## WHAT YOU SHOULD DO
Stopping at the line that holds "Strickhandschuhe Handschuhe Touchscreen", repeat the lines below exactly, starting from the very first and including that final line.

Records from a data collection
____
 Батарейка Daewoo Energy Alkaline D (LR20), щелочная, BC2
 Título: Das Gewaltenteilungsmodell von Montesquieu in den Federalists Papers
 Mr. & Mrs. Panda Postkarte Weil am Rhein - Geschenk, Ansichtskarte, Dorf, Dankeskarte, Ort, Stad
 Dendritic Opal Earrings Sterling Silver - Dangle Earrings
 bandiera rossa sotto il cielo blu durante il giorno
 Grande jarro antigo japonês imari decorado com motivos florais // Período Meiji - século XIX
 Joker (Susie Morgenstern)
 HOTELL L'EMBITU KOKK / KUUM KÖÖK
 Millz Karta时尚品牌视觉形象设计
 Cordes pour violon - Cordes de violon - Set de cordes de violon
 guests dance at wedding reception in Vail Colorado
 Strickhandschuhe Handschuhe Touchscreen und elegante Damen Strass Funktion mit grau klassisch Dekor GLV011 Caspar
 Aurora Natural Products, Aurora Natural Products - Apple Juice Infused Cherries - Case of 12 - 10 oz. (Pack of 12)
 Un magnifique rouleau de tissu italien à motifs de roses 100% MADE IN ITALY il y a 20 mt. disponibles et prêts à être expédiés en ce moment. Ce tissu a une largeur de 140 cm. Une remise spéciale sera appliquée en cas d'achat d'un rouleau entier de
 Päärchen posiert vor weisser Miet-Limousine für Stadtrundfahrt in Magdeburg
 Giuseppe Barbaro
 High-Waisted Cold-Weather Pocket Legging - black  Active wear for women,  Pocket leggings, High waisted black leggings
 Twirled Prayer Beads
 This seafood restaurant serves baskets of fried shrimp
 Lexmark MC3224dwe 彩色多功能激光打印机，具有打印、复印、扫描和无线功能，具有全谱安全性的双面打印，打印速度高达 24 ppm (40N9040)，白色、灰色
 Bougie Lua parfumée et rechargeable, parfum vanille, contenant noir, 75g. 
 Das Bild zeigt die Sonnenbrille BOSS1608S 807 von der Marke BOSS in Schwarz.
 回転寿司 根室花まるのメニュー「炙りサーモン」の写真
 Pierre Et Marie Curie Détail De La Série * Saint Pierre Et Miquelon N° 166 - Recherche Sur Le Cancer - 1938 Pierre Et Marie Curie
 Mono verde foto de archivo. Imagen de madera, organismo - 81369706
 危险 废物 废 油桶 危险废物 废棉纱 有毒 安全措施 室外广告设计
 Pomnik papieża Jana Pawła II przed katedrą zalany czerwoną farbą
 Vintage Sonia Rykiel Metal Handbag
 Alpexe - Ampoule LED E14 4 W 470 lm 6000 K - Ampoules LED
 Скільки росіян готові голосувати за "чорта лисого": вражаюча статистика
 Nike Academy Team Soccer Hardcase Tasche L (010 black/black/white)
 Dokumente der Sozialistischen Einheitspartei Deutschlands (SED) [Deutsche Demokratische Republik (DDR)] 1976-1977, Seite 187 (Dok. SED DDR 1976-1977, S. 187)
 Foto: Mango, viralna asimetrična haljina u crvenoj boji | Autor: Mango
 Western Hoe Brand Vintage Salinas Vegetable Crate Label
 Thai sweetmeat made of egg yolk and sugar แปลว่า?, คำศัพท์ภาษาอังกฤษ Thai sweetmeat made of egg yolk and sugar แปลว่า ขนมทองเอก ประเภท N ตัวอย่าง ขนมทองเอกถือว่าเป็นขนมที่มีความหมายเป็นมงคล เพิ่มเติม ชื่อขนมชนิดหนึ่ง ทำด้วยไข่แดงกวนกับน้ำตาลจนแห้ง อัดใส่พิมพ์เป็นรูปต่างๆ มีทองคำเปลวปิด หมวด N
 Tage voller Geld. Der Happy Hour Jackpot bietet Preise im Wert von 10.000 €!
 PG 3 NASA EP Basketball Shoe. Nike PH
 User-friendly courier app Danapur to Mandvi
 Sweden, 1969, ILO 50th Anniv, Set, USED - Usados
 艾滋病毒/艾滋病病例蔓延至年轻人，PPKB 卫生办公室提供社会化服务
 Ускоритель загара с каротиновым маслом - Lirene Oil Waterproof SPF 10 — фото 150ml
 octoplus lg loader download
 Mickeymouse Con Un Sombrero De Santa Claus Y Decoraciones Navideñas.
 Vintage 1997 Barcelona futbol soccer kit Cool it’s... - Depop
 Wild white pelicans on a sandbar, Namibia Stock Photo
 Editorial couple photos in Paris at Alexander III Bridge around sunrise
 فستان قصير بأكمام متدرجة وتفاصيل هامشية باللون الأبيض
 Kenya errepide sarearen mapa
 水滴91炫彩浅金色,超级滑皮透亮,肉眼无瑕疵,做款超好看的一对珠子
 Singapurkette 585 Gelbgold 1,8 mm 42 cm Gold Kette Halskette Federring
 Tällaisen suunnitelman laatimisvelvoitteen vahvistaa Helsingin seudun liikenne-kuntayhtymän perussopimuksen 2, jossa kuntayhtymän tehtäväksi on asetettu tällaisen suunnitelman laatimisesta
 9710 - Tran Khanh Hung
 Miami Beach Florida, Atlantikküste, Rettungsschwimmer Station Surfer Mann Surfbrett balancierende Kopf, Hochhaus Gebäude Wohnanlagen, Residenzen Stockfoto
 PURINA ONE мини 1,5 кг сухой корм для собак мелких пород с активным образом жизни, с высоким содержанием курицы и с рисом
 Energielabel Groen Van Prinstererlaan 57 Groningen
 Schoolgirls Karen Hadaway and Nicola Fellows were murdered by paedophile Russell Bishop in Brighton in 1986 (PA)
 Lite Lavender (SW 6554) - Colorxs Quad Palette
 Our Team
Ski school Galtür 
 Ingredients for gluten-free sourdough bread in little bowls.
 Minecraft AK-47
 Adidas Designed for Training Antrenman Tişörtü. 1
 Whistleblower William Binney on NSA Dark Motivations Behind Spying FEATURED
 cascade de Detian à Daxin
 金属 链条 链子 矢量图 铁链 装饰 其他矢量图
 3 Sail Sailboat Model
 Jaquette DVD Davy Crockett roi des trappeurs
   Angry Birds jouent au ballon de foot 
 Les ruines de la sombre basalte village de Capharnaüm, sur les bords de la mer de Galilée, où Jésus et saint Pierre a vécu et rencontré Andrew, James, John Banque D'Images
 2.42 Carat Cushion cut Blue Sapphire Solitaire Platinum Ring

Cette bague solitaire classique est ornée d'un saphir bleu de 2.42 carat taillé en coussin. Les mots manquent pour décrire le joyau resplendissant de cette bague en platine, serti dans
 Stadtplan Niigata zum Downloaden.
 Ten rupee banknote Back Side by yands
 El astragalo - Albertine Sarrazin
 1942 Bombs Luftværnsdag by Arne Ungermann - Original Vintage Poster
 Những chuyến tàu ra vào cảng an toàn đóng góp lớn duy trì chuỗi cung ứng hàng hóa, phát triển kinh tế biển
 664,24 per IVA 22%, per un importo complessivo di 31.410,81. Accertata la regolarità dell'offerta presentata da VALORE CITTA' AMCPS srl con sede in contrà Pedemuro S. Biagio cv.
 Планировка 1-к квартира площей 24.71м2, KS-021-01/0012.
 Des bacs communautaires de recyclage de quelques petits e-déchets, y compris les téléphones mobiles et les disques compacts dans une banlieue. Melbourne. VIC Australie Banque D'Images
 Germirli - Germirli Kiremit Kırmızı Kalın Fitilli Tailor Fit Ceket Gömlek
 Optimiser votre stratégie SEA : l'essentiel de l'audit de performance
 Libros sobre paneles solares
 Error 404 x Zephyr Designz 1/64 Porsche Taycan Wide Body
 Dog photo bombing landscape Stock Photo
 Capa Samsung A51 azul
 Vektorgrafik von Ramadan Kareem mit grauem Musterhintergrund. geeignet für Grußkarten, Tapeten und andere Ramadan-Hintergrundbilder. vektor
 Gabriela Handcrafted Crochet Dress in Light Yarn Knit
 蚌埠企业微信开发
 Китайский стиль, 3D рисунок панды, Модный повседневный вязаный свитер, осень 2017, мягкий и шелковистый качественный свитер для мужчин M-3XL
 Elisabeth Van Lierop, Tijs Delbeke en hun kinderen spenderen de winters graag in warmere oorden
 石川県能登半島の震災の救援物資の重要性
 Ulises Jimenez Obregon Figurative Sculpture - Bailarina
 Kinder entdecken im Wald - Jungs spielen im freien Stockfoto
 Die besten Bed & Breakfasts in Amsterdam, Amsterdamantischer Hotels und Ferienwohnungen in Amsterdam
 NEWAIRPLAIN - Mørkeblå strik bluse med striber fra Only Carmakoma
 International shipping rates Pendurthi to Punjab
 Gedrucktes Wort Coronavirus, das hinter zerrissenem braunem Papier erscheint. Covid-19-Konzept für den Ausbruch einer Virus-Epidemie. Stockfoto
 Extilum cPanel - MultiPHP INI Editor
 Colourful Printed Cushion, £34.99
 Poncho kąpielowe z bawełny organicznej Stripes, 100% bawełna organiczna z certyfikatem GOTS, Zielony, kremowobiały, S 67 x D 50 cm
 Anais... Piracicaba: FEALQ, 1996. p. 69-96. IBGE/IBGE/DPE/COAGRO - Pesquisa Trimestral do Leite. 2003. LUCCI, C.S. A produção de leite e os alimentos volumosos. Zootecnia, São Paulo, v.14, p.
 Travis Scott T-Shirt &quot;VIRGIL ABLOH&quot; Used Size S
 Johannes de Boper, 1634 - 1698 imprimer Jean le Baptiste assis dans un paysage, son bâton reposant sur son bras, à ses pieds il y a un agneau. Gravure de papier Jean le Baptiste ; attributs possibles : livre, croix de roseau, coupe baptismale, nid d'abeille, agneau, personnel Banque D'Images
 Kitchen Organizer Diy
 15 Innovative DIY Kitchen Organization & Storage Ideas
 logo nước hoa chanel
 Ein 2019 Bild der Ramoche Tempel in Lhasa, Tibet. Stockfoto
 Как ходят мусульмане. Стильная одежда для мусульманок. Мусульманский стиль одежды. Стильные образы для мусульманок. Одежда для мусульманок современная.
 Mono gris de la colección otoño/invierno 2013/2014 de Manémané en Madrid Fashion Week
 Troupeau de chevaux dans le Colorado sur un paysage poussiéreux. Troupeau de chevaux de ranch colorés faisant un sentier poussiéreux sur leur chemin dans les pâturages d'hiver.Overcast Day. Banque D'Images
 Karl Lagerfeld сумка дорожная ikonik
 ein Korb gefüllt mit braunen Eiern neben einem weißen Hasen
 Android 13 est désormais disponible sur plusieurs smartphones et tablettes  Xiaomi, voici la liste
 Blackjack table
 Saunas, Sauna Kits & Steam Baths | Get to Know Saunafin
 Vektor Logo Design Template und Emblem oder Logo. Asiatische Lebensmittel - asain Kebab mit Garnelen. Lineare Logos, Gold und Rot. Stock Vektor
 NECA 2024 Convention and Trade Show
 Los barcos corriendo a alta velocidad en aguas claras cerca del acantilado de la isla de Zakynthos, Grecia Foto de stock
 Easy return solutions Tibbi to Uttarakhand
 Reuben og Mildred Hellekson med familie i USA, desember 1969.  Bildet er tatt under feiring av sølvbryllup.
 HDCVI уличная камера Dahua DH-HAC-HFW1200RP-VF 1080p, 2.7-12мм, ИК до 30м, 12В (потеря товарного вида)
____
## ANSWER TO THIS EXERCISE
 Батарейка Daewoo Energy Alkaline D (LR20), щелочная, BC2
 Título: Das Gewaltenteilungsmodell von Montesquieu in den Federalists Papers
 Mr. & Mrs. Panda Postkarte Weil am Rhein - Geschenk, Ansichtskarte, Dorf, Dankeskarte, Ort, Stad
 Dendritic Opal Earrings Sterling Silver - Dangle Earrings
 bandiera rossa sotto il cielo blu durante il giorno
 Grande jarro antigo japonês imari decorado com motivos florais // Período Meiji - século XIX
 Joker (Susie Morgenstern)
 HOTELL L'EMBITU KOKK / KUUM KÖÖK
 Millz Karta时尚品牌视觉形象设计
 Cordes pour violon - Cordes de violon - Set de cordes de violon
 guests dance at wedding reception in Vail Colorado
 Strickhandschuhe Handschuhe Touchscreen und elegante Damen Strass Funktion mit grau klassisch Dekor GLV011 Caspar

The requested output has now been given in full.